YOUR ASSIGNMENT:
The answer must reproduce the listing exactly, with every picture left out.

GIVEN DATA:

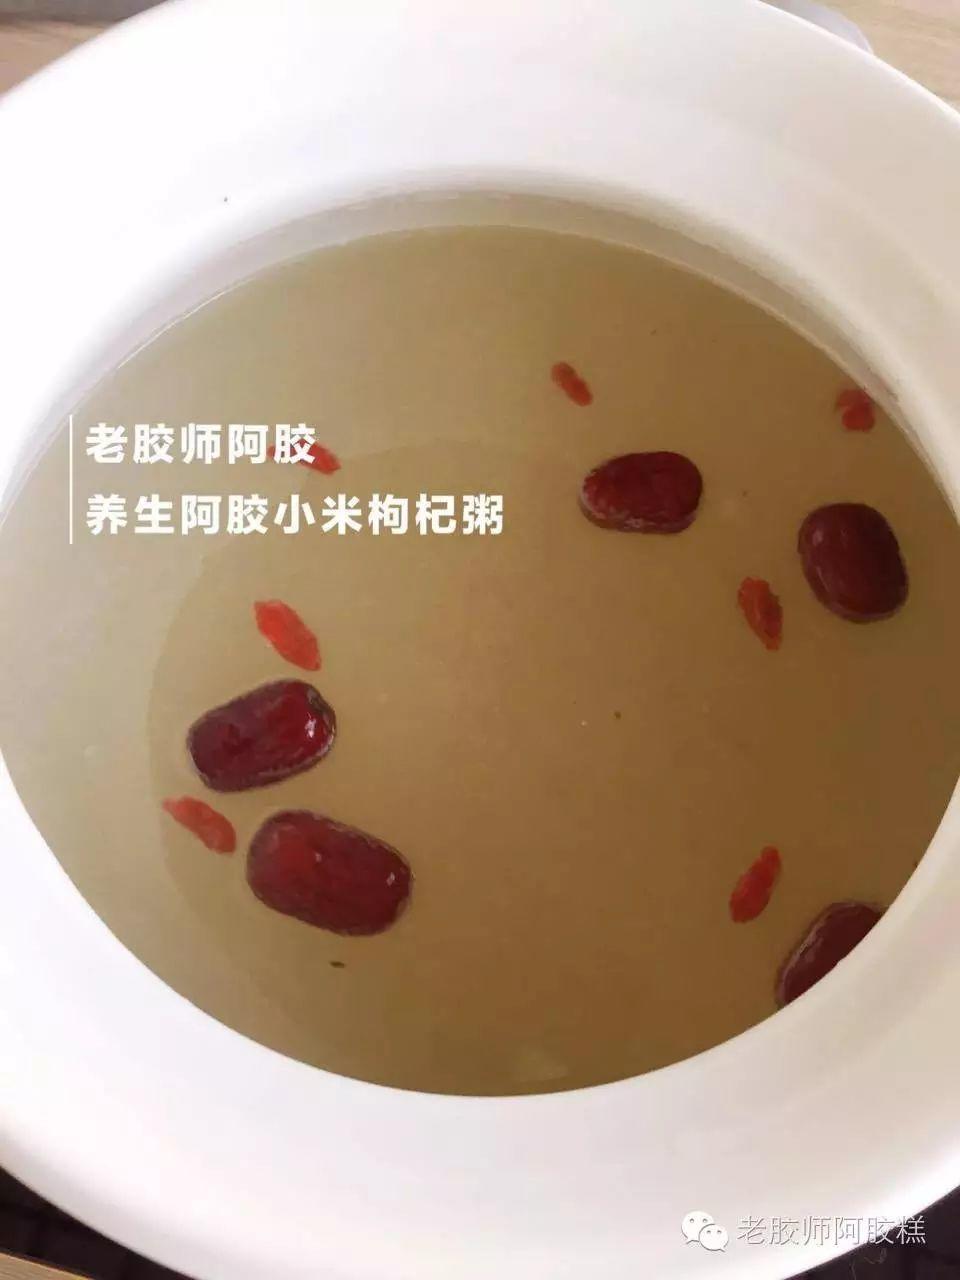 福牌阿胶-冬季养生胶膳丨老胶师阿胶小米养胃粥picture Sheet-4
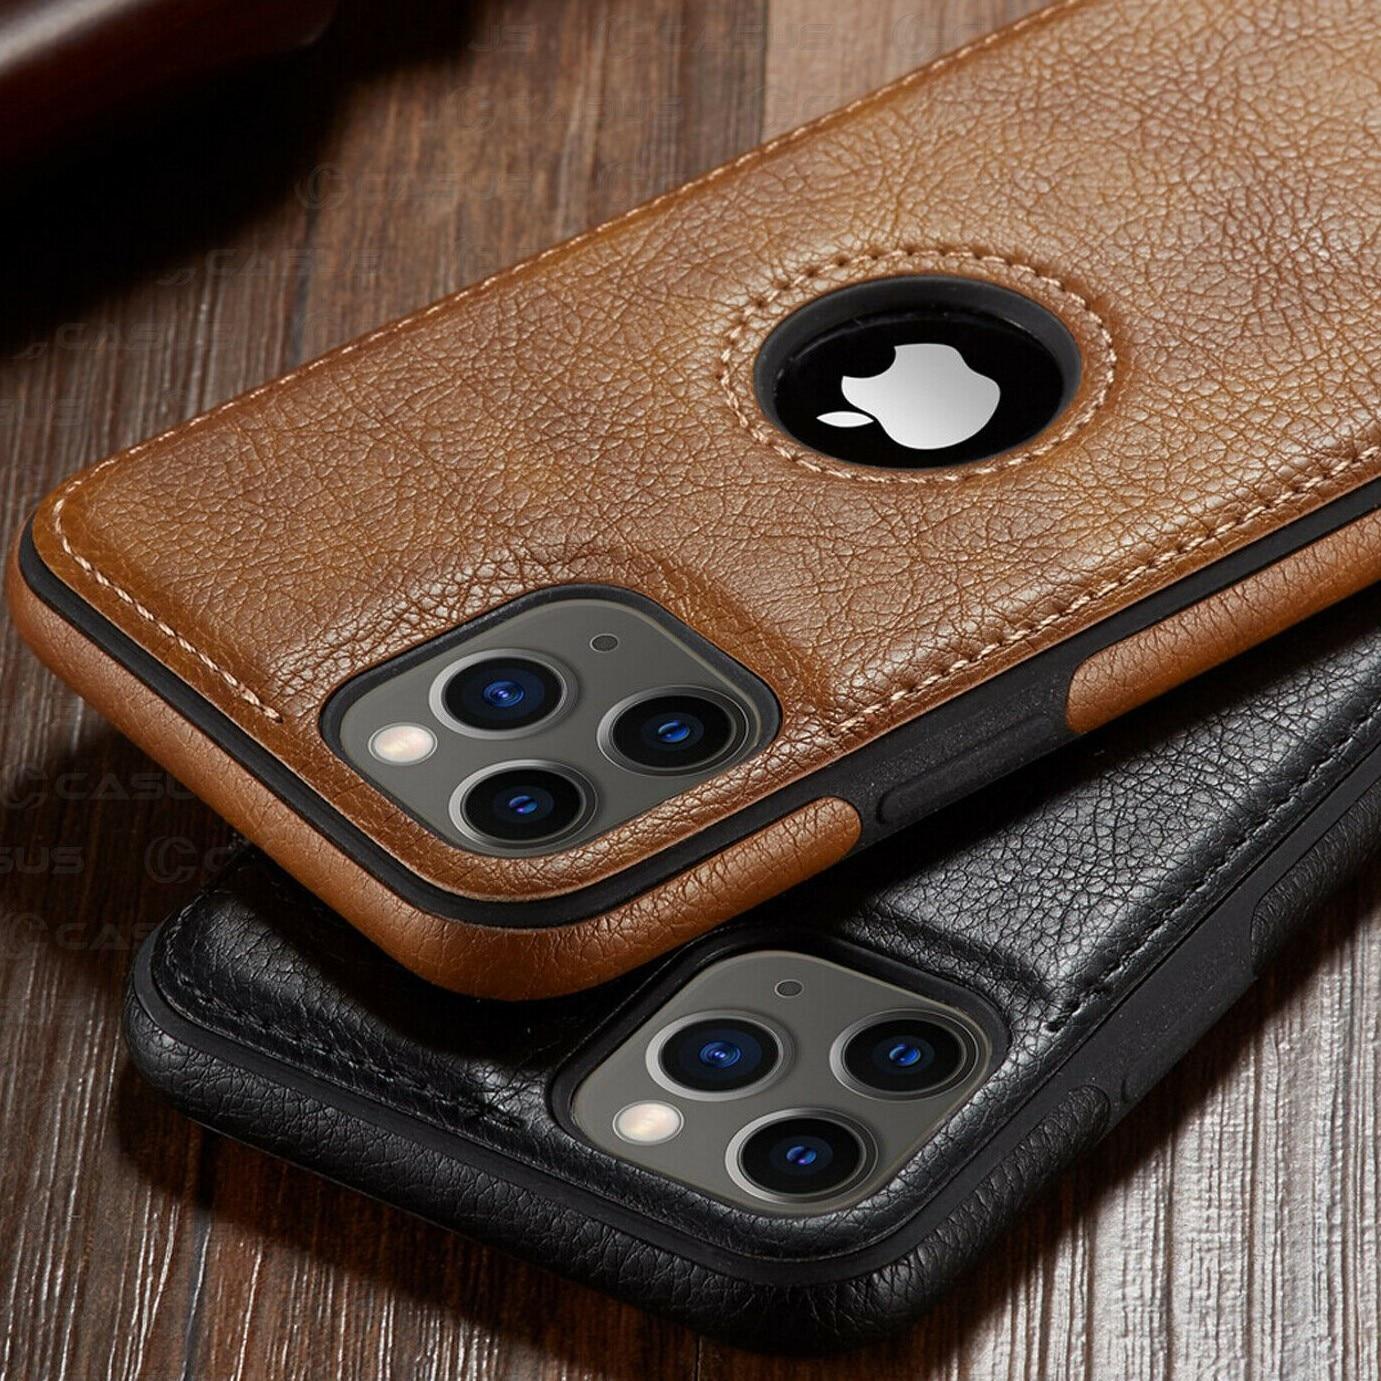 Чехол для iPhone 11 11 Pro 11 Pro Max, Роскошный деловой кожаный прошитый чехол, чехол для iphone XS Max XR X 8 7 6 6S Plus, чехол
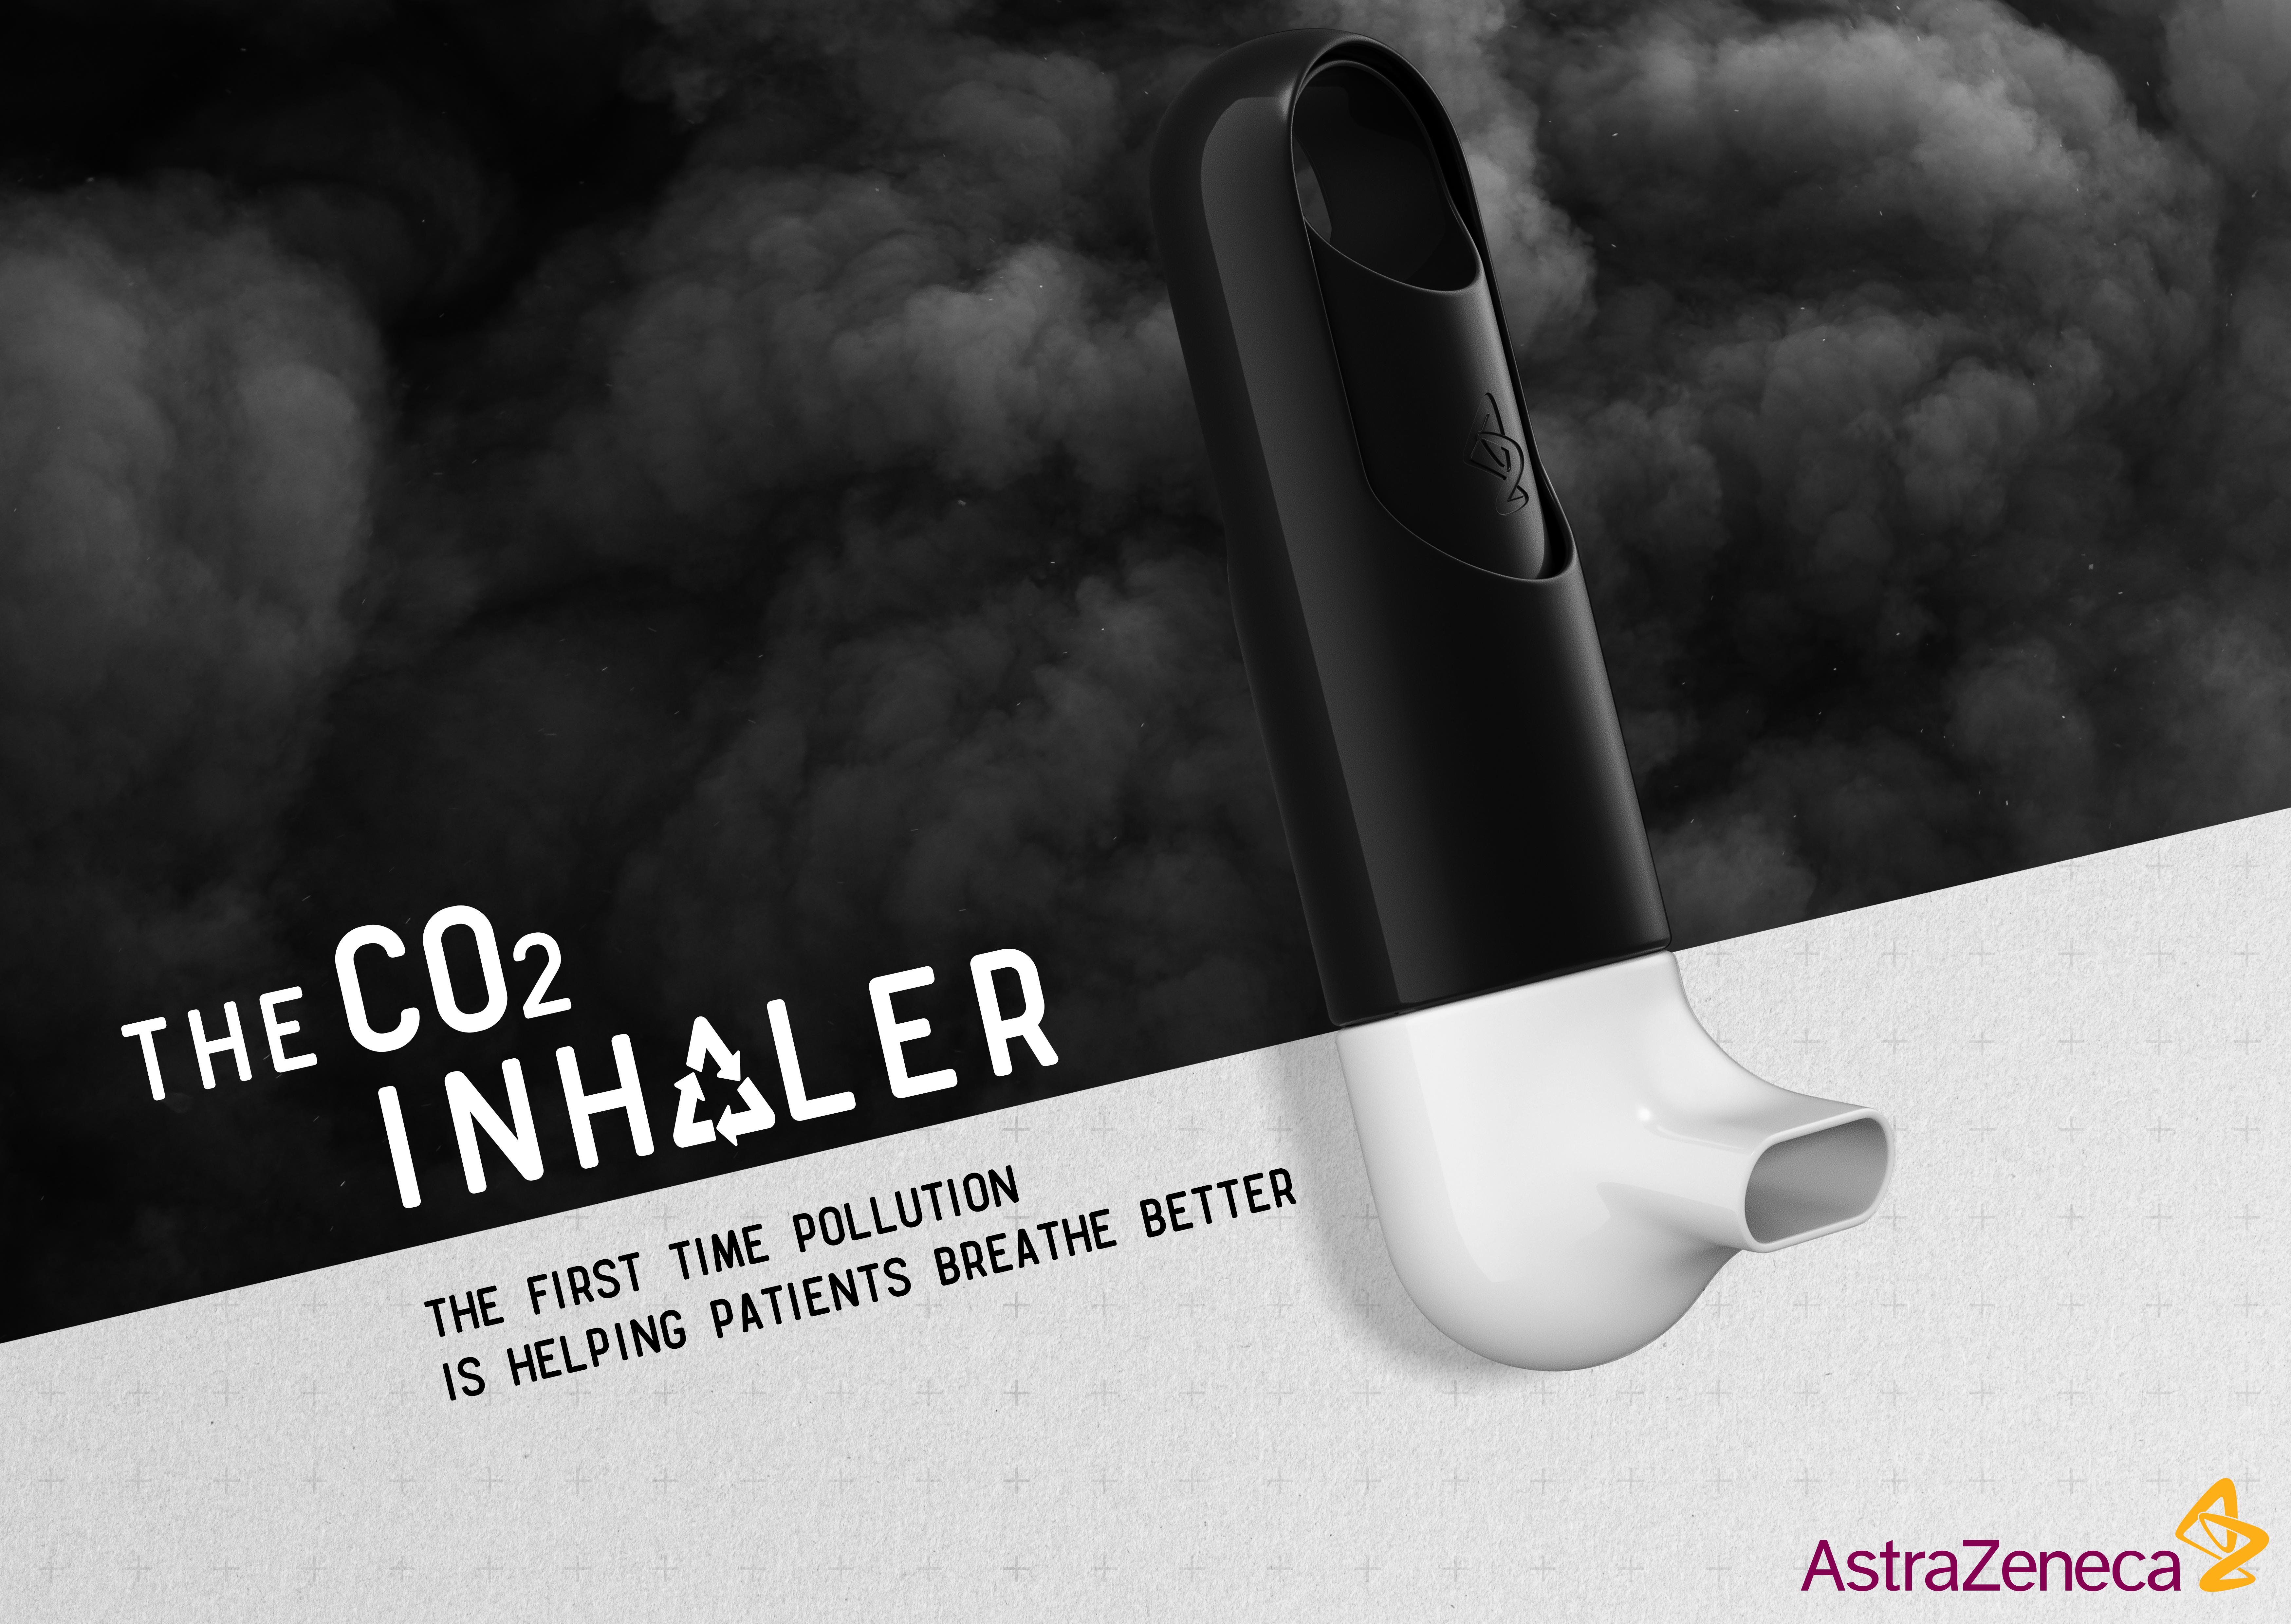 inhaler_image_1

RESULT BELOW:
 福牌阿胶-冬季养生胶膳丨老胶师阿胶小米养胃粥picture Sheet-4
 Чехол для iPhone 11 11 Pro 11 Pro Max, Роскошный деловой кожаный прошитый чехол, чехол для iphone XS Max XR X 8 7 6 6S Plus, чехол
 inhaler_image_1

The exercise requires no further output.